Solving QBF by Abstraction
Jesko Hecking-Harbusch (Saarland University), Leander Tentrup, (Saarland University)

TL;DR
This paper introduces a recursive abstraction and refinement algorithm for solving QBFs that leverages structural reasoning, enabling efficient certification and demonstrated success in competitions and synthesis benchmarks.
Contribution
It presents a novel QBF solving algorithm based on abstraction and refinement, with an effective certification extraction method, outperforming previous approaches.
Findings
Solver QuAbS won the QBFEVAL'18 competition.
The certification method is effective on synthesis benchmarks.

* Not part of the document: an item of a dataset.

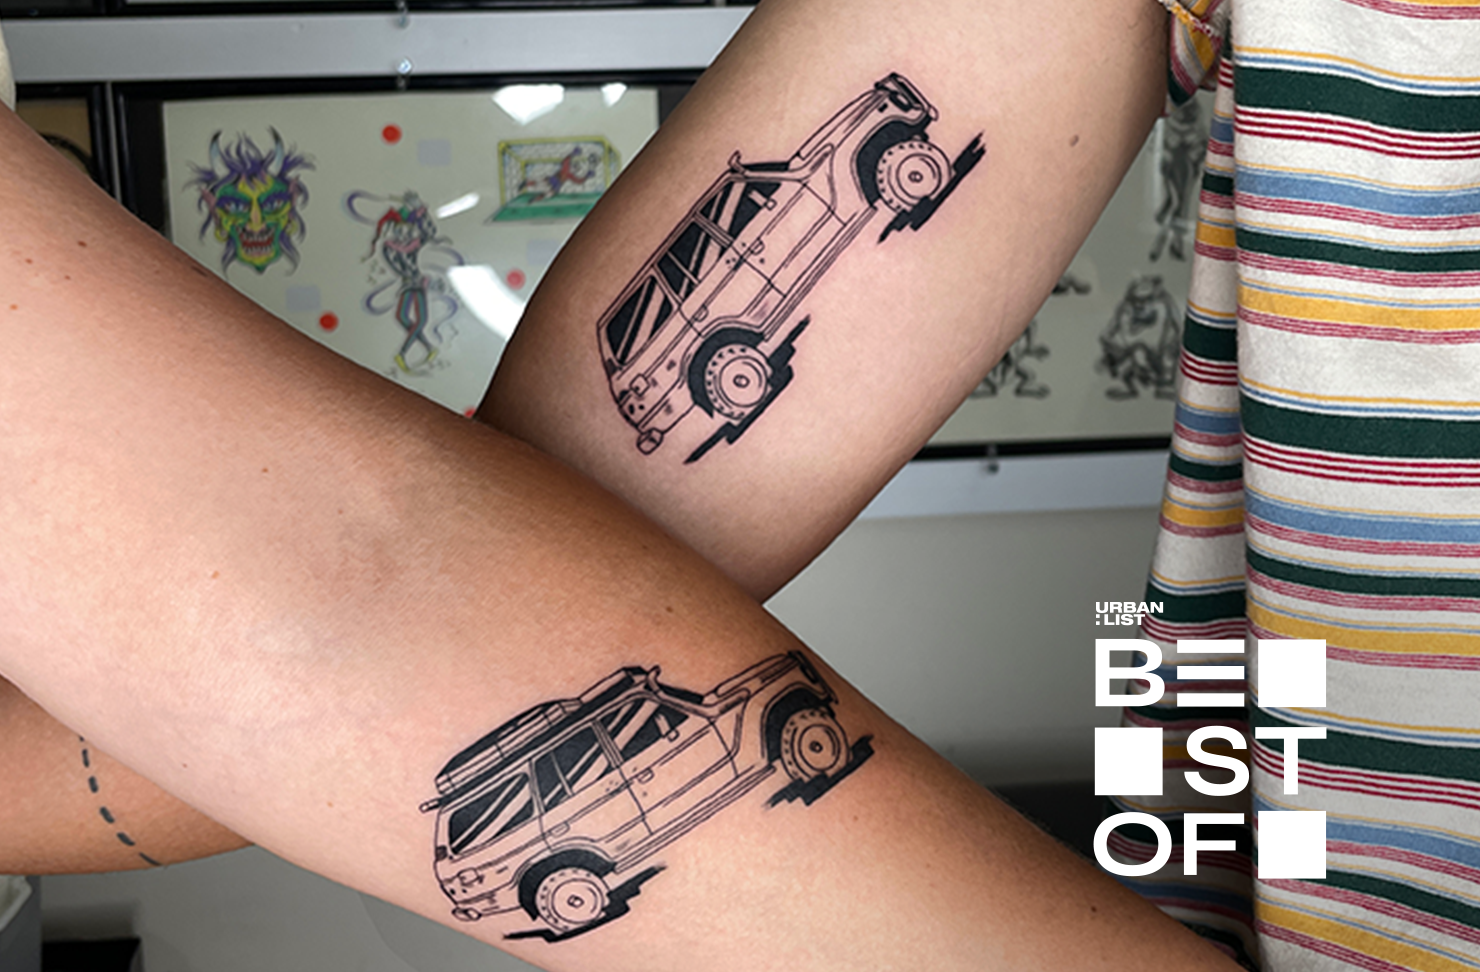 North End Tattoo - Added another piece to this car themed leg! Done by  Aaron | Facebook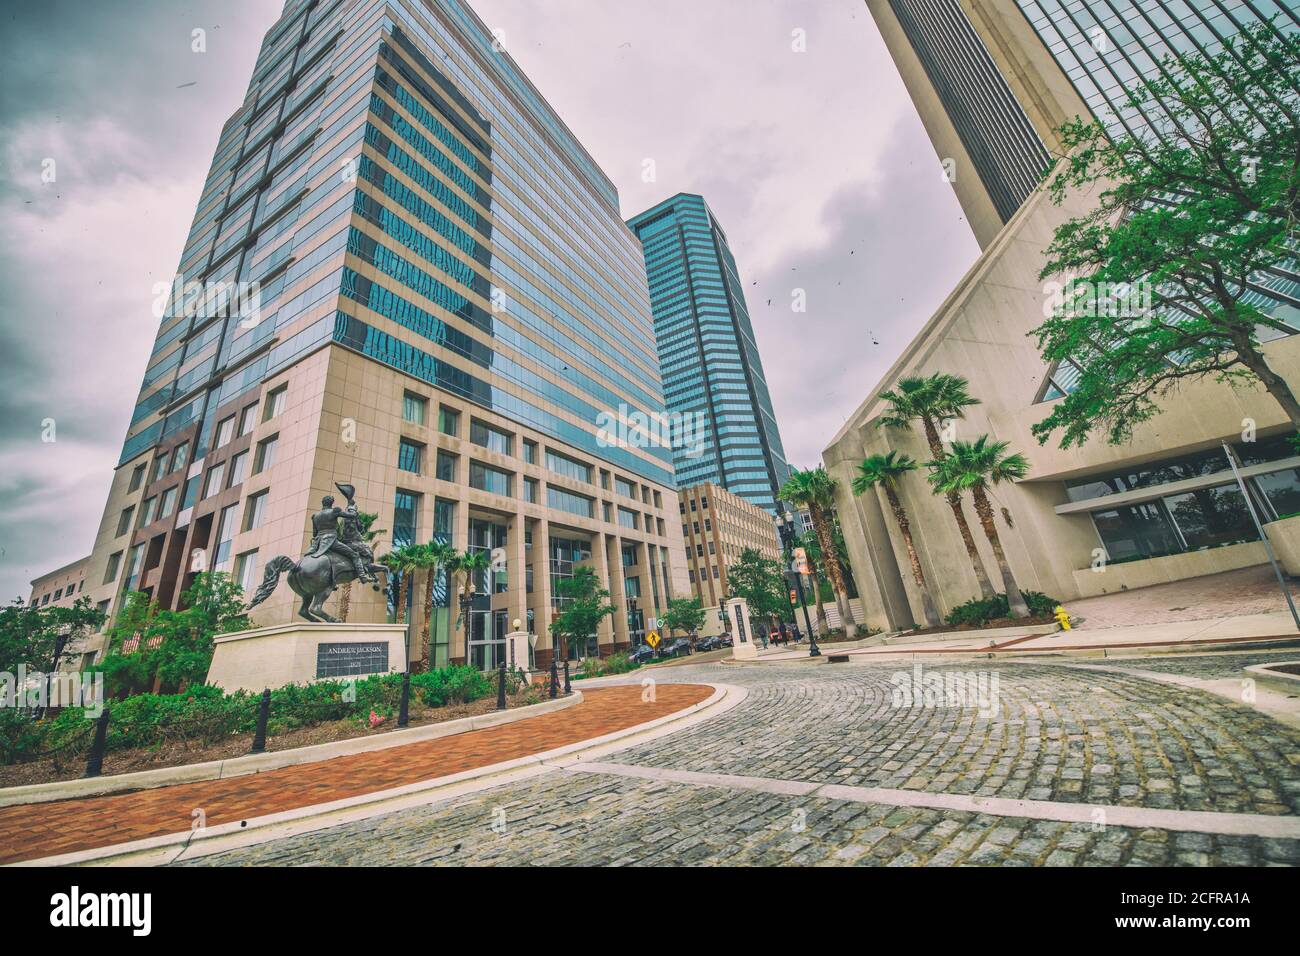 JACKSONVILLE, FL - APRIL 8, 2018: City skyscrapers from independent Drive on a cloudy day. Stock Photo

The approach successfully synthesizes strategies in Petri Games.
Abstract
Many verification and synthesis approaches rely on solving techniques for quantified Boolean formulas (QBF). Consequently, solution witnesses, in the form of Boolean functions, become more and more important as they represent implementations or counterexamples. We present a recursive counterexample guided abstraction and refinement algorithm (CEGAR) for solving and certifying QBFs that exploits structural reasoning on the formula level. The algorithm decomposes the given QBF into one propositional formula for every block of quantifiers that abstracts from assignments of variables not bound by this quantifier block. Further, we show how to derive an efficient certification extraction method on top of the algorithm. We report on experimental evaluation of this algorithm in the solver QuAbS (Quantified Abstraction Solver) which won the most recent QBF competition (QBFEVAL'18). Further, we…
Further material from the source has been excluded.